The Airport Photographs of Garry Winogrand
Edited by Alex Harris and Lee Friedlander Published by DAP, 2004
If Garry Winogrand photographed everything, all the time, as he is famous for having done, his pictures of airports convey, despite their dated hair styles and clothing, the many still very familiar sights and spaces and sensations attached to air travel. Arriving at an airport, checking baggage, watching other travelers amble, walk, and sometimes rush by, luggage trailing and flailing and neatly rolling along, passengers waiting forever on those long rows of attached seats, friends and relatives greeting each other and saying goodbye: everything that happened and stills happens in these vast public spaces. Winogrand’s airport photographs were taken over a period of 25 years, with the first frame shot around 1958 and the last in 1983, just months before his death. In Winogrand’s archive at the Center for Creative Photography at the University of Arizona in Tucson, there are hundreds of contact sheets containing airport images, and over 1,100 prints of airplanes and airports that Winogrand made during his lifetime. Edited by Alex Harris, one of the first to publish selections from this body of work, in DoubleTake magazine in 1996, and longtime friend and colleague Lee Friedlander, The Airport Pictures of Garry Winogrand assembles 86 of the photographer’s most compelling, never-before published images of travelers, flight attendants, airport waiting rooms, airplanes on runways, and all the people and places in between.
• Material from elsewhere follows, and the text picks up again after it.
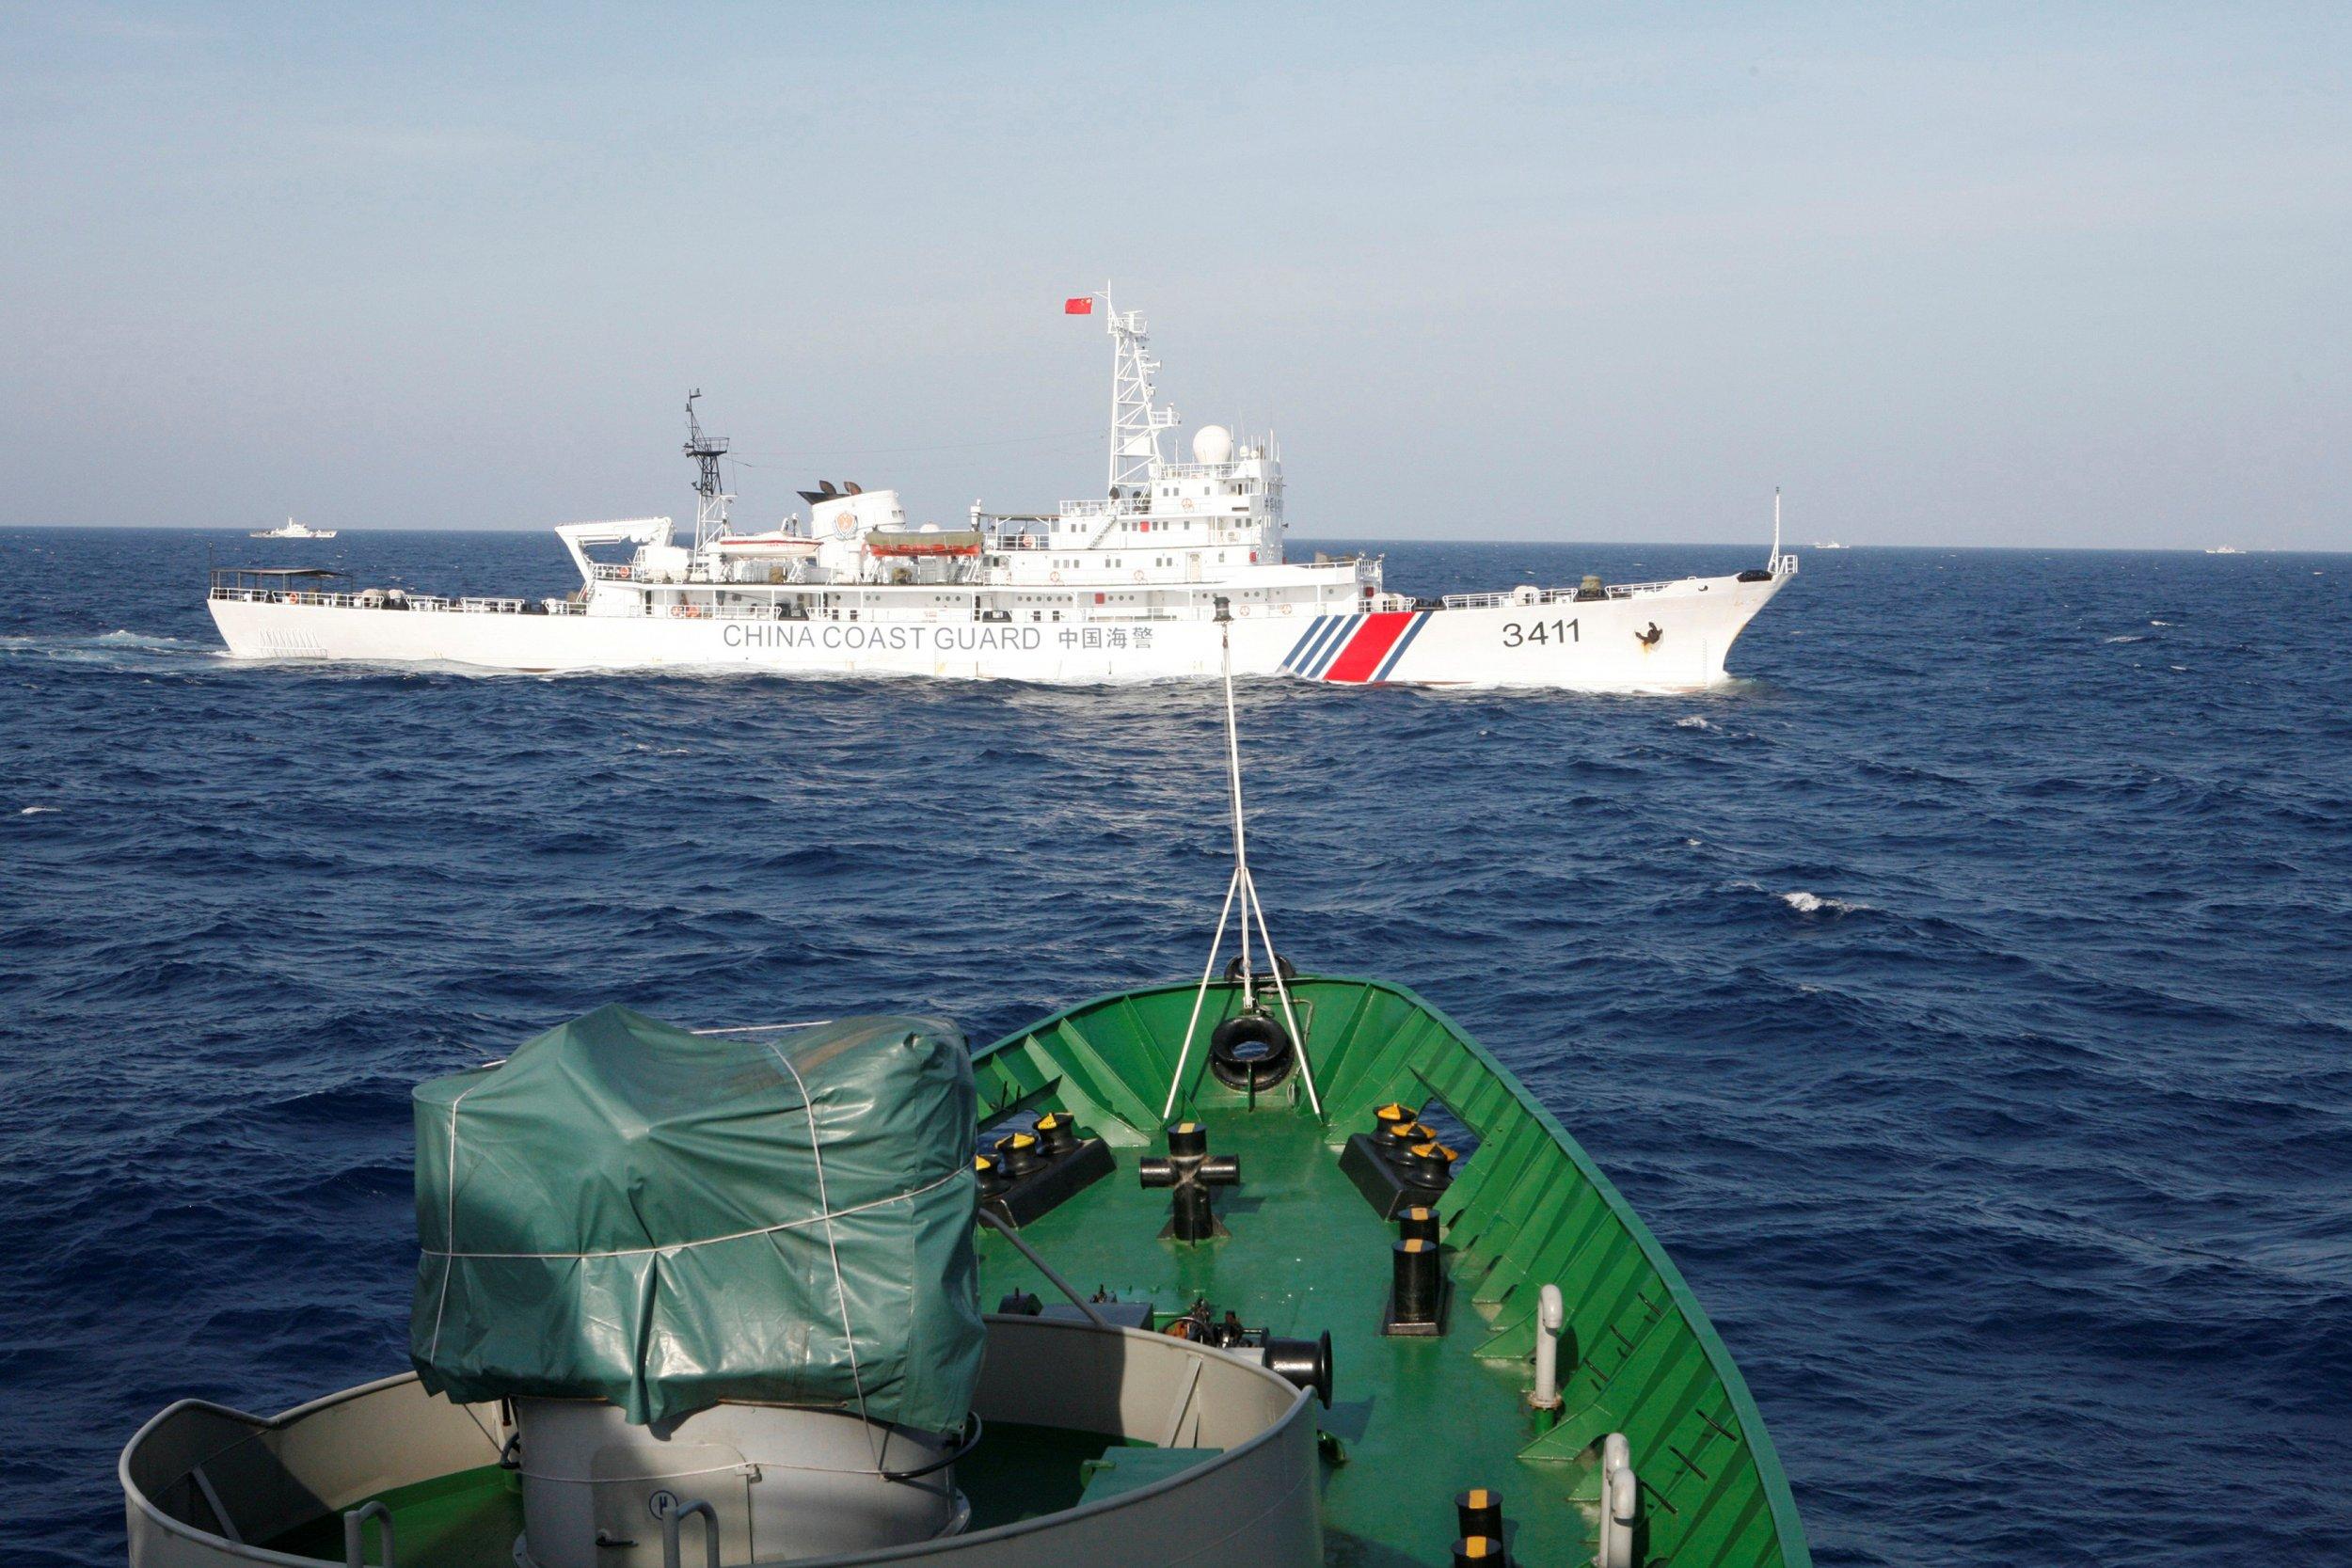 South China Sea boats

“Looking at Garry Winogrand’s photographs of airports, I am reminded of one of the early episodes of Star Trek. Captain Kirk thinks he has beamed down to an alien world. He wanders up to the first person he sees and says, ” You! What Planet is this?” And he is informed that he’s on Earth and realizes he has traveled back in time. Though Kirk wants to warn those innocents of what is to come, if he tells them he will have altered history and may lose his chance of returning to the future. Those of us looking at at the travelers in Winogrand’s airport photographs cannot offer a warning. Nor can we erase our memories of their future and our own past. We will see much of ourselves in the earthlings of this period. We will find pleasure in their company, even if that pleasure is bittersweet.”
— Alex Harris, from the preface“Winogrand was acutely sensitive to glances, gestures, and body language, and especially to the implicit eroticism of the camera’s gaze. His inability to resist taking pleasure in the sights of the world–his compulsive yen to capture on film nearly everything he saw–is, in the end, what makes his images irresistible.”
—Andy Grundberg“To this viewer [Winogrand] seems, in fact, the central photographer of his generation.”
—John Szarkowski“For Garry, airplanes, like bridges and tunnels, brought on a cold sweat. Probably he started photogrpahing seriously at airports because he had made a few good pictures at times and had recognized the airport as a way to assuage his own anxiety about the coming plane trip. He would arrive at the airport very early so as to have time to watch and then get lost in his work. What was reaped was the rich bounty held between these book covers.”